Add to Cart: Take Visitors to Cart Page or Stay With Products?

Regarding a visitor adding an item to their shopping cart, I’m trying to find out which has been found to be most effective for sales conversion:

Should clicking on the ‘add to cart’ button take visitors to their shopping cart… or should it leave them on product pages?

Which is most effective? Have there been any studies done on this? Where could I find answers to questions like this?

Ideally I would test it for myself and compare results but in my low-sales-volume situation, it would take months to have enough data to reliably compare.

Thanks

If you have only one product I would change it from “add” to “buy”.

If you have more than one product, you wouldn’t mind if they bought only one because their shopping was interrupted?

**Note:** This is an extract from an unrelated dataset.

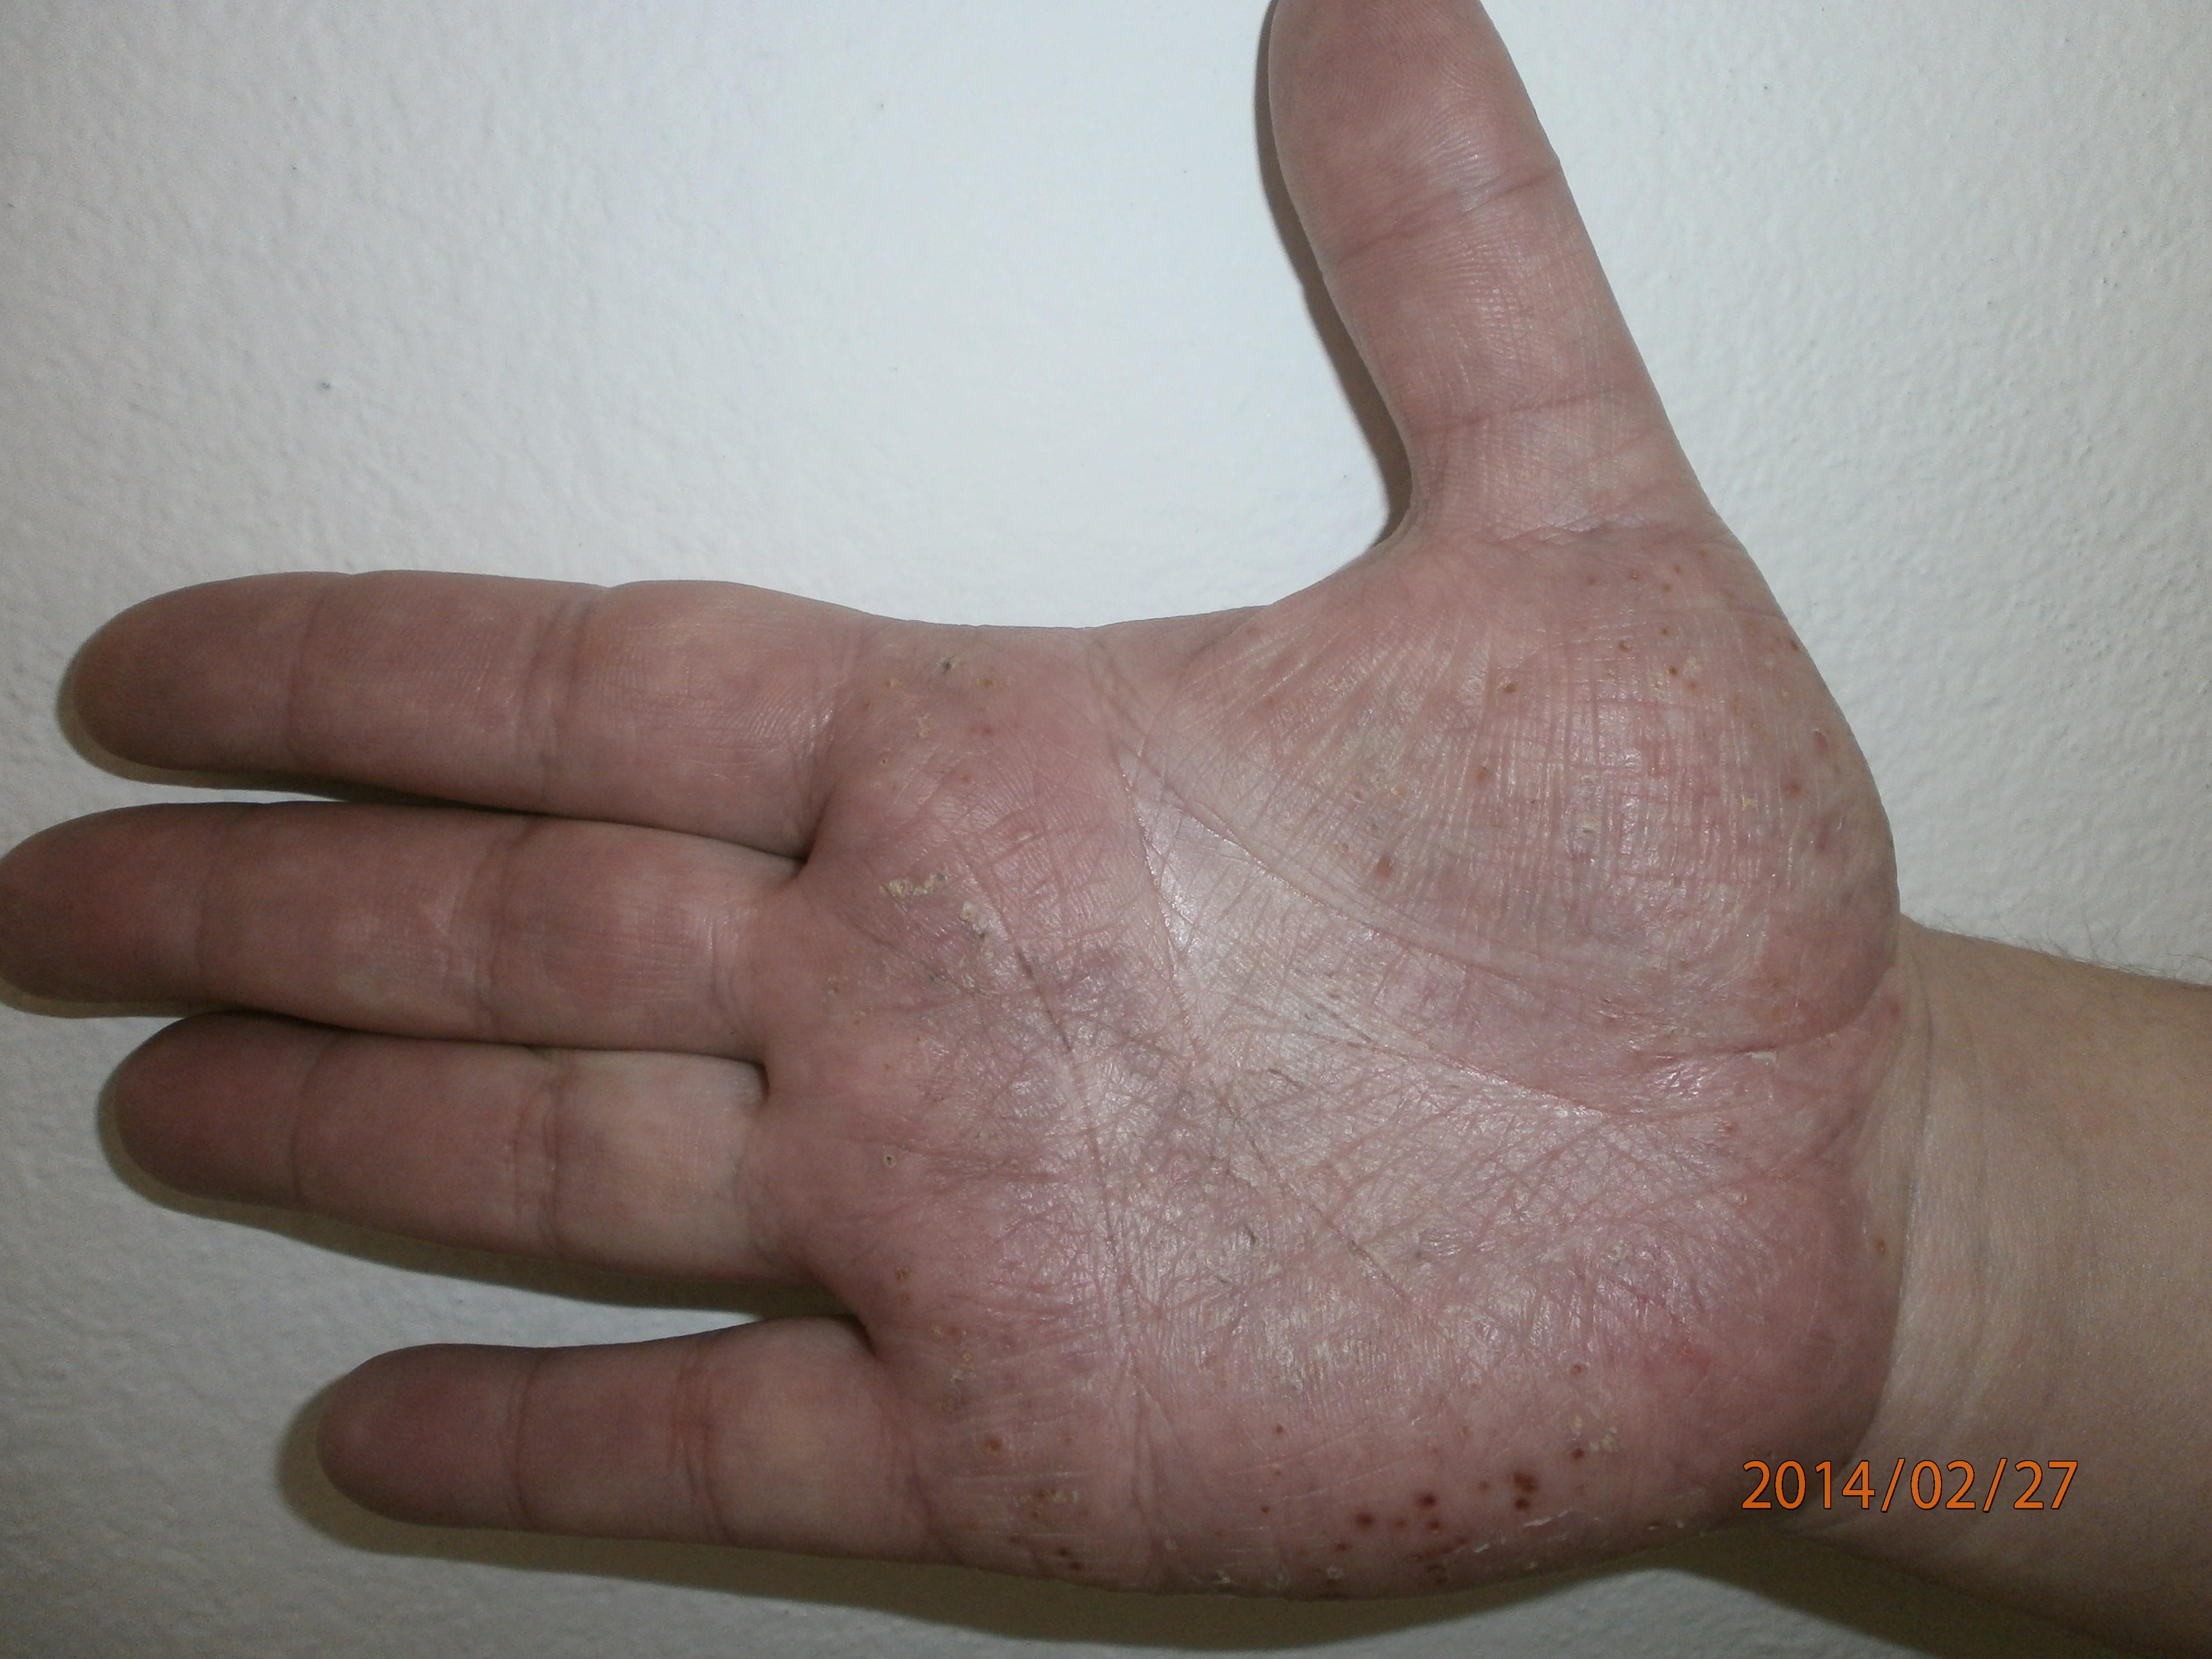 Gennyes hólyagok rabjai - pikkelysömör a talpon és a tenyéren

How about when you click “Add to basket”, it pops up a light box giving users the option to ‘Go to checkout’ or ‘Continue shopping’? That is seamless because it doesn’t require a page load, and gives the user control of their destination. It also allows you to put up a confirmation message to say that the item has been successfully added without interrupting the work flow.

I have no research or anything, just thinking out loud here!

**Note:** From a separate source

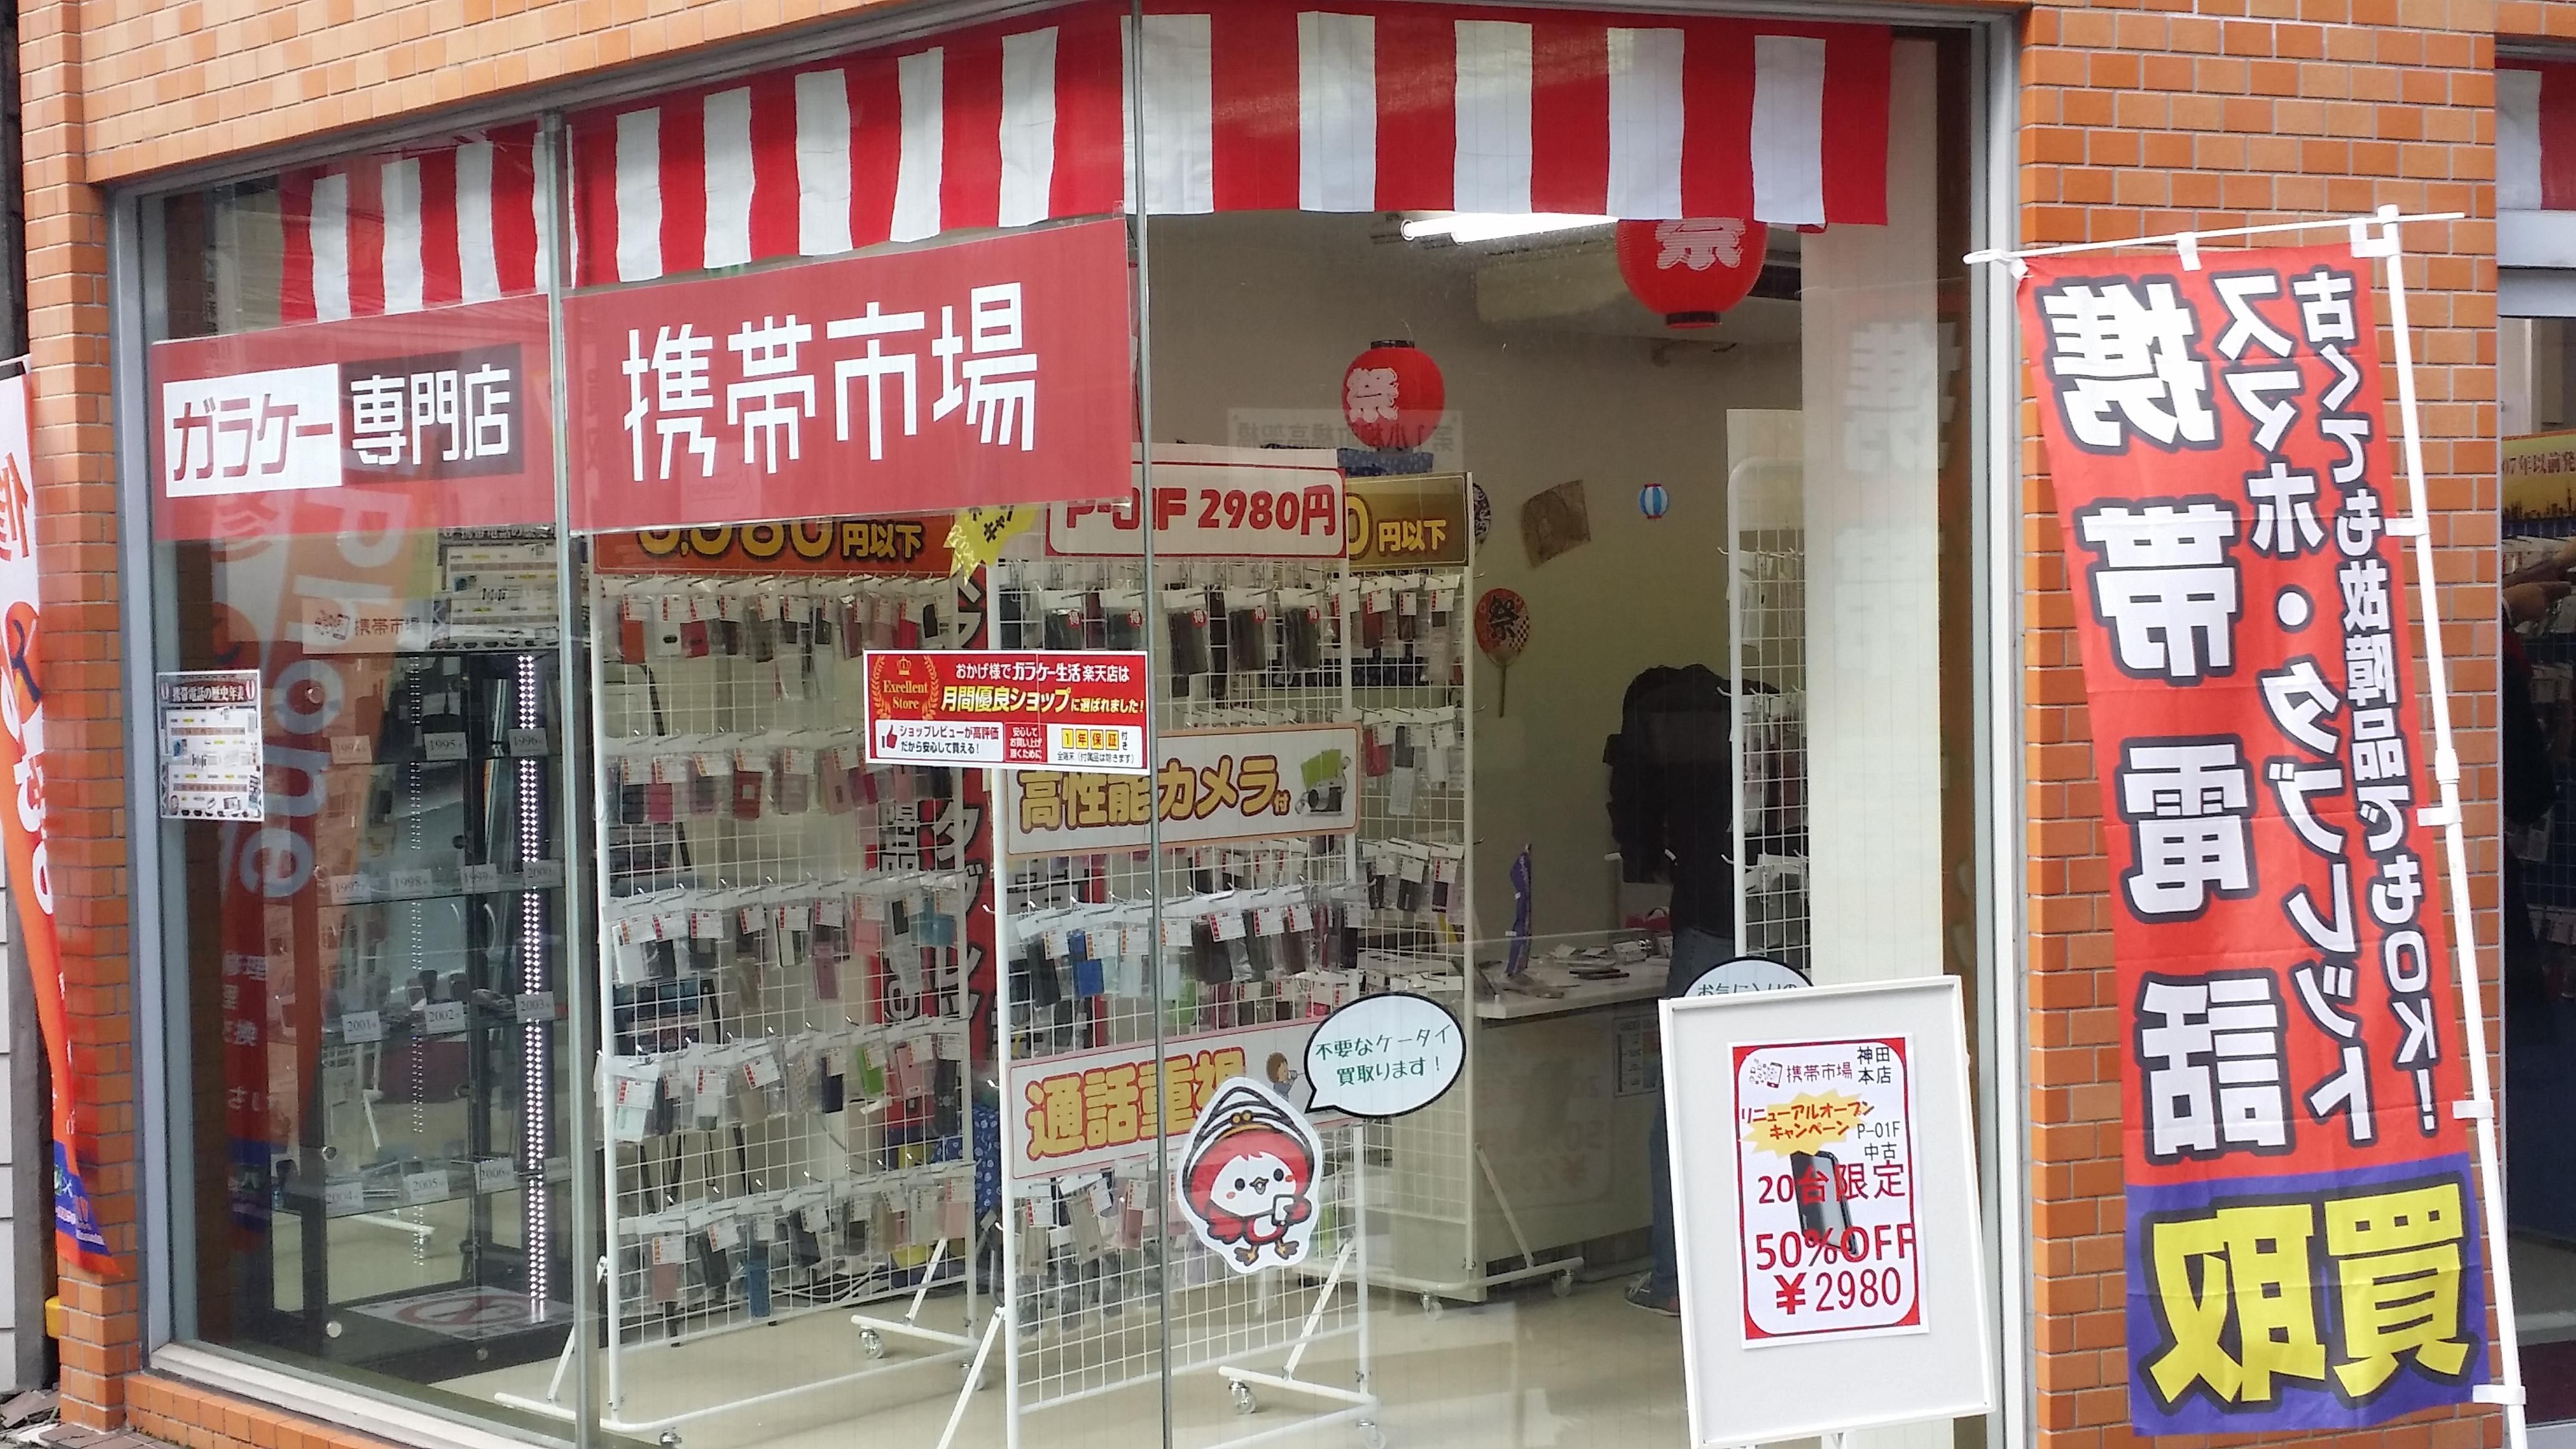 携帯市場神田店

From a purely personal point of view, I prefer the kind of approach Stevie D suggests. Several sites I use display light boxes; one of these closes automatically after ten (I think) seconds, or it can be closed manually. Other sites use a sidebar to show the contents of the basket without taking you away from the page you are on.

Bottom line - I prefer not to be taken to the basket.

Ask your friends, family, colleagues - anybody you know who shops online, however infrequently. It won’t be scientific, but it will give you a rough idea of the views of real people. :slight_smile:

Test it with Google Analytics Content Experiments (for example) and you will have the answer. You really do not need a high traffic volume to do this.